Tous les mois Juliette se rend à Minoucourt pour vider l'appartement de Nestor, mais aussi le voir, lui. Chaque fois elle en revient bouleversée émotionnellement et vidée physiquement tant la tâche est fastidieuse, et la rencontre éprouvante. Grimper les deux étages, entrer dans l'appartement sombre, sentir son odeur mortifère, ouvrir largement les minuscules fenêtres. Malgré cela, allumer les lampes. Enfiler des vêtements qui ne craignent rien, des gants, commencer à remplir des sacs poubelles de livres, de cassettes, de vetements empoussiérés et gluants. Inhaller la poussière des années qui fait tousser et donne envie de cracher. Cracher noir. Porter, tout est lourd. Entreposer sur le palier, puis descendre tout, les deux étages, un sac dans chaque main. Ouvrir la porte, marcher dans la rue jusqu'au container, soulever-jeter, empoigner-jeter, poussière-jeter.
Puis, la tâche jugée suffisante lorsque les forces sont épuisées, rejoindre l'hôpital pour y trouver Nestor, toujours très heureux de voir Juliette. "Ah, salut" lui dit-il, lapidairement.
Puis lui donner le chocolat et les gâteaux apportés pour lui, ou des fleurs aux couleurs pétantes, histoire de le ranimer, que diable. Cette fois Juliette lui a apporté un lecteur et plusieurs de ses CD, un casque audio. Nestor applaudit, vraiment heureux. Il bredouille quelques phrases confuses, difficilement compréhensibles, altérées par une mâchoire ankylosée. Puis brutalement il saisit le chocolat et l'engouffre sans même enlever le papier d'aluminium qui le recouvre. Juliette lui propose d'aller prendre l'air dans le parc ensoleillé et Nestor, enthousiaste, tente de se lever, mais il n'a plus d'équilibre et flageole jusqu'à presque tomber. Pour rejoindre son fauteuil roulant il s'agrippe, tremblant, au bras de sa soeur. Du couloir une aide-soignante passant rapidement devant la porte toujours ouverte de la chambre, le hêle "il est content de voir sa soeur Monsieur Nestor ???"Juliette entend siffler perfidement d'autres mots derrière les mots "ah quand même, enfin vous venez le voir, pas trop tôt..."
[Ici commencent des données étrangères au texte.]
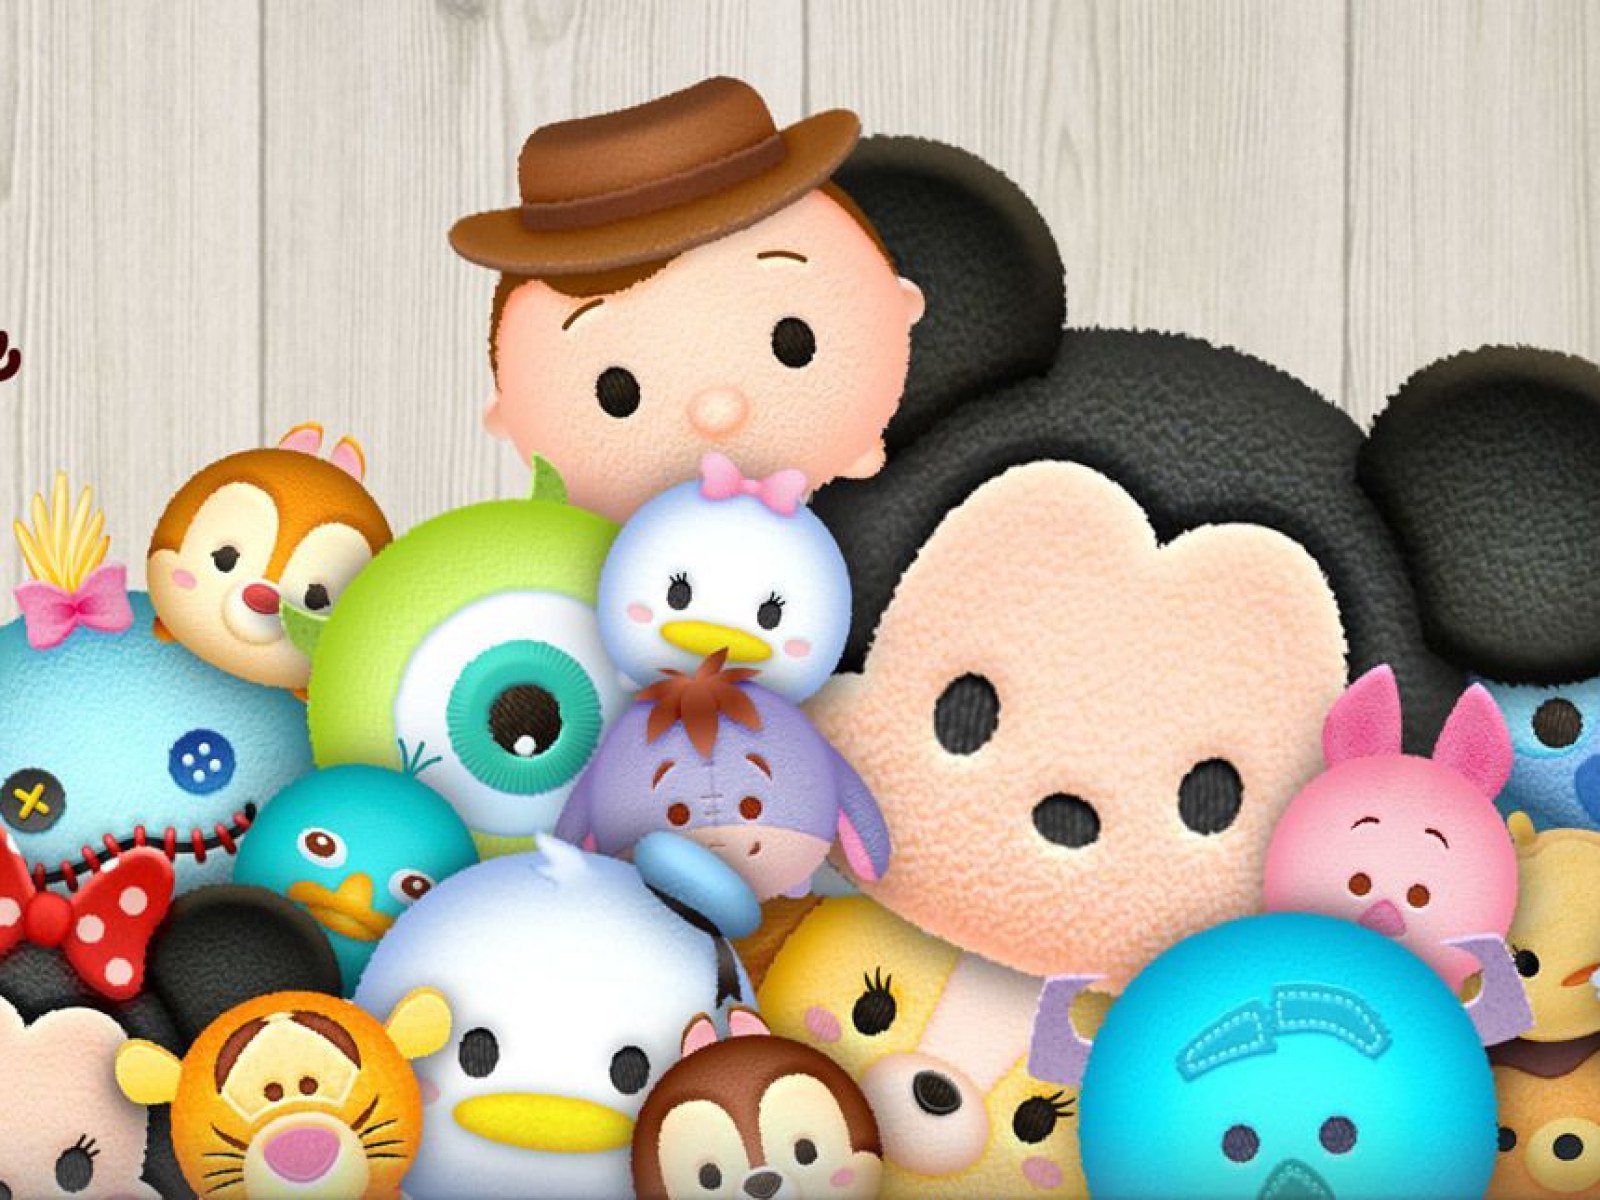 Tsum Tsum January 19 Event Help Makes Hearts White Handed Initial P Score Bubbles And Other Best Tsum Tips

De temps en temps Juliette ne peut que choisir de dormir à Minoucourt, rien d'autre n'étant possible, l'horizon s'arrêtant là. D'autres fois, épuisée dans sa voiture sur le chemin du retour, Juliette peine à parcourir la trop longue distance. Des images fantômes embrouillent la rectitude de la bande d'asphalte mais la musique apaisante qu'elle a sélectionnée soigneusement pour l'accompagner replace la ligne continue au milieu de sa route, l'aidant à garder son cap vers le refuge. Elle aimerait être serrée et bercée dans les bras d'un géant, enveloppant, doux, et chaud. Elle aimerait entendre une voix basse au rythme lent et régulier la rassurer et lui souffler"c'est presque fini, ça va passer, tu vas le sortir de là... vivre, vivre. Etait-ce ce dont elle rêvait jadis lorsque bébé, elle prit la place de nestor dans le ventre de sa mère ?
Elle pleure souvent. Beaucoup. Elle est immanquablement capturée par une migraine, ou bien son ventre est à l'envers, ou sa gorge est en feu, et son dos grince douloureusement au moindre mouvement. Le passé se conjugue mal avec le présent, composer avec ces temps différents est souffrant.
Alors, après une douche incontournable, Juliette rejoint sa couette, et, un polochon contre le ventre, un oreiller dans le dos, parfois un coussin sur la tête, elle attend que le chagrin s'estompe, dans la feutrine de la nuit déjà bien entamée. Parfois, luxueusement, s'ajoute à cette ouate apaisante l'oisiveté de toute la journée suivante, comme un onguent cicatrisant.